Cyber attacks from the Lazarus Group, a threat actor associated with North Korea, has not slowed down and their malware toolset continues to evolve. A few months ago, we published a general research of the Lazarus Group and the Blockbuster campaign including code reuse and similarities throughout their malware up until the latest news regarding targeting bitcoin and cryptocurrency exchanges. In recent attacks, the Lazarus Group has been spreading malicious documents with a RAT embedded inside that gets executed through a VBA  macro. These malicious documents contained a job description for different positions in various industries.

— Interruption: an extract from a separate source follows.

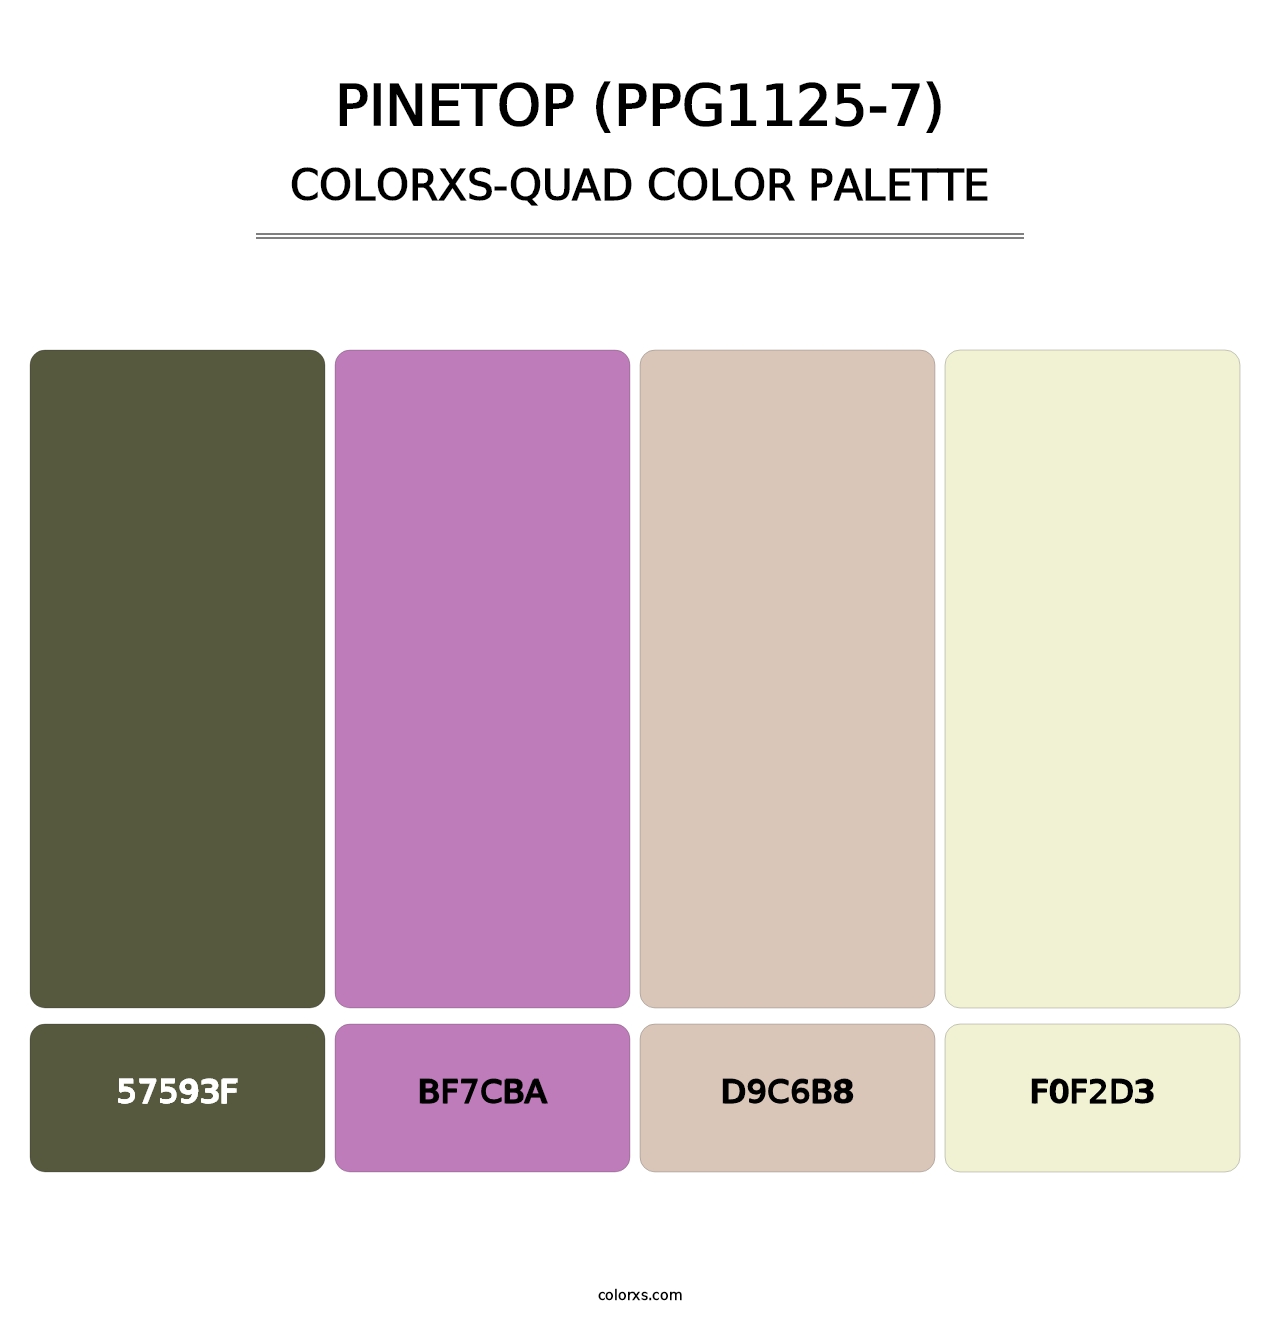 Pinetop (PPG1125-7) - Colorxs Quad Palette

Through our research, we came across a new malicious document where we have found changes and a continuation to their campaign targeting potential cryptocurrency exchanges, FinTech, financial companies, and others who might be involved with cryptocurrencies. The malicious document came embedded with an upgraded and revamped version of a RAT they have added to their arsenal.

 

Infection Vector

The malicious document’s original creation name is “Investment Proposal.doc” and attempts to impersonate an employee of an Australia based law firm for commercial and financial services named Holley Nethercote. The document states that they have evaluated several cryptocurrencies and they have put together an investment proposal aimed at FinTech, financial, and other companies who might be interested in taking an investment. As can be seen in the photos of the document below, the document is of very low quality, meaning there are inconsistencies and typos everywhere in a document supposedly from a law firm.

 

 

The first page contains a basic description of what the investment proposal involves. Take note of the name “Kate Harris,” a director from Holley Nethercote, by whom the document was supposedly written.

 

 

The second page is a general description of the company Holley Nethercote which is directly taken from the first page of a PDF on the company’s website

 

 

The third page is a list of their employees and staff as can also be found on their website. Remember Kate Harris, the director, from before? Shockingly enough, she does not exist on this list.

 

 

The fourth page contains a chart of various cryptocurrencies and random values associated with them. The interesting point here is the date of a Bitcoin price that it mentions from February 9th, 2018 which helps us put on a timeline of when this malicious document was originally created.

 

 

The fifth page states how they would like to invest $50M in the company that received this document and contains some typos like “out” instead of “our” and other grammatical errors.

 

The sixth page is a very poorly written document supposedly signed by the CEO of Holley Nethercote involving the investment proposition. It also contains various typos and grammatical errors with the general flow not making sense.

 

 

The seventh and last page contains some fake contact information including a phone number from the UK that is from an online service that allows you to receive an SMS through the website.

Technical Details

Upon launching the document, an obfuscated VBA macro is executed to drop and execute an embedded remote access tool.

(embedded VBA macro)

The embedded RAT is dropped to and executed from %USERPROFILE%\RuntimeBroker.exe. More evidence besides the date in the content of the document, pointing to this malware out in February is that we can also see the compilation timestamp is from February 14, 2018 and the upload date was on March 2, 2018.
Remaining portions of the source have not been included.